▶ _SOURCE DATA_
━━━━━━
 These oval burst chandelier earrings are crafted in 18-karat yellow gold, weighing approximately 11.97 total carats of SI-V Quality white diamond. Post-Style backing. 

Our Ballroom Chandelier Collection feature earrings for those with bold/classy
━━━━━━
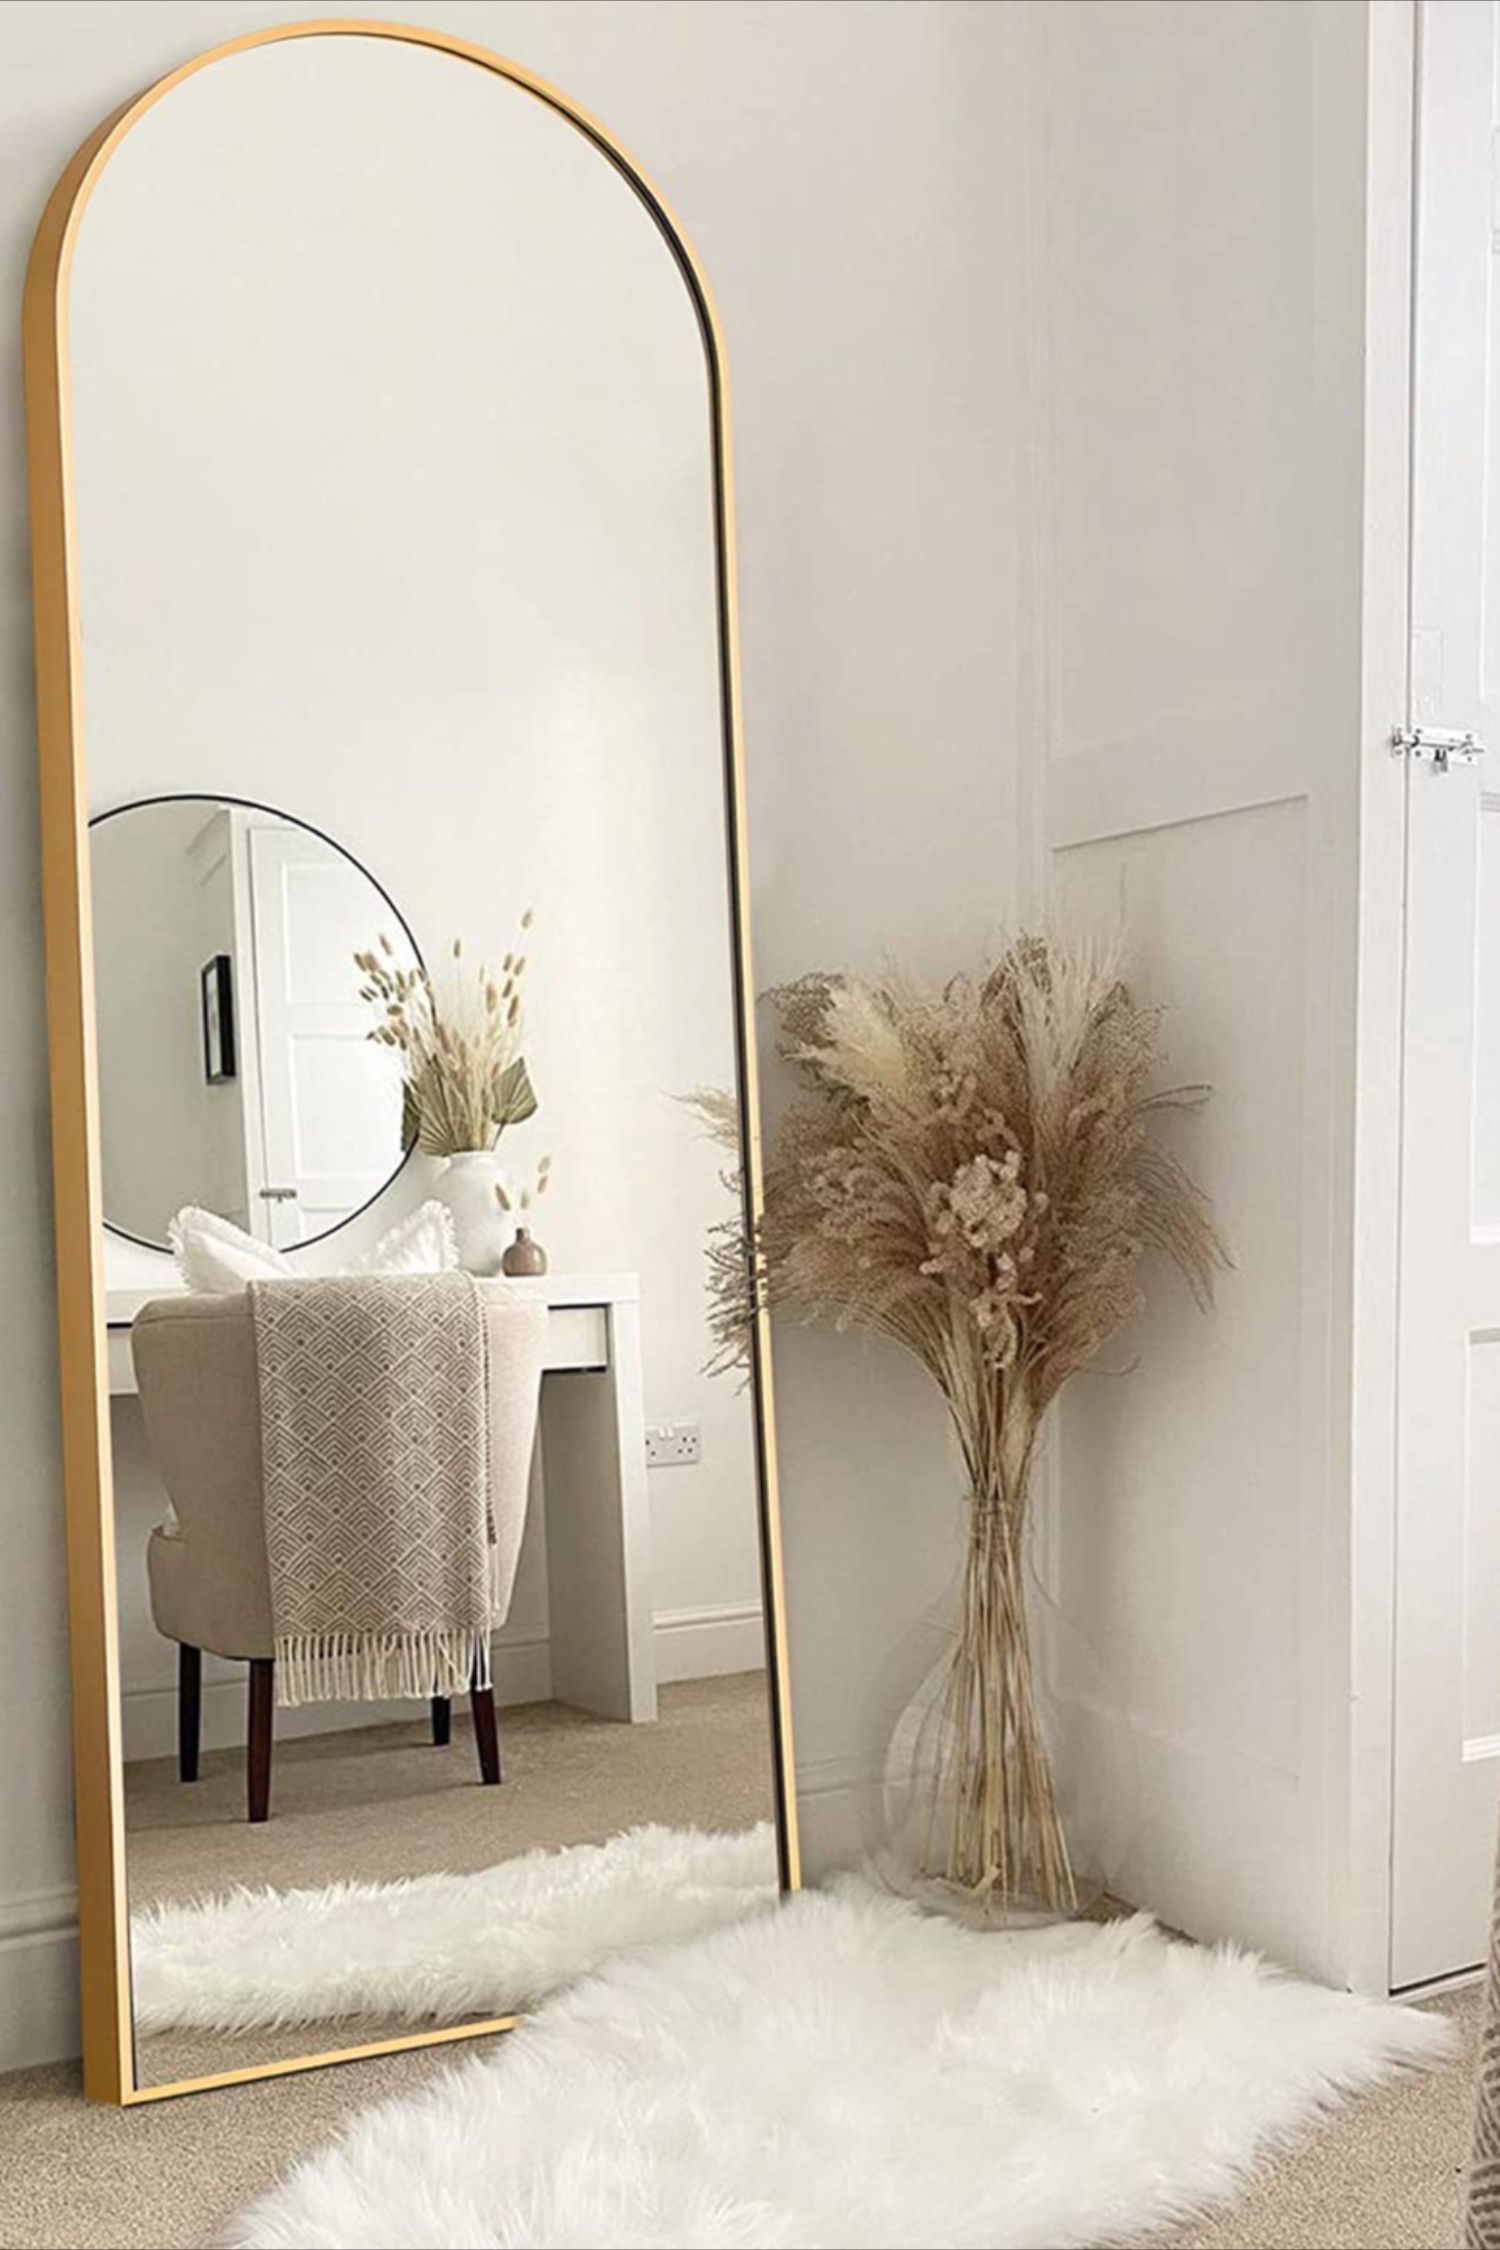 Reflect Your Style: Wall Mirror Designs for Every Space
━━━━━━
▶ _DIRECTIONS FOR THIS TASK_
Wherever the line holding "These oval burst" falls in the entries above, copy exactly from it through the line holding "Our Ballroom Chandelier", inclusive, and add nothing.

▶ _WRITTEN RESPONSE_
 These oval burst chandelier earrings are crafted in 18-karat yellow gold, weighing approximately 11.97 total carats of SI-V Quality white diamond. Post-Style backing. 

Our Ballroom Chandelier Collection feature earrings for those with bold/classy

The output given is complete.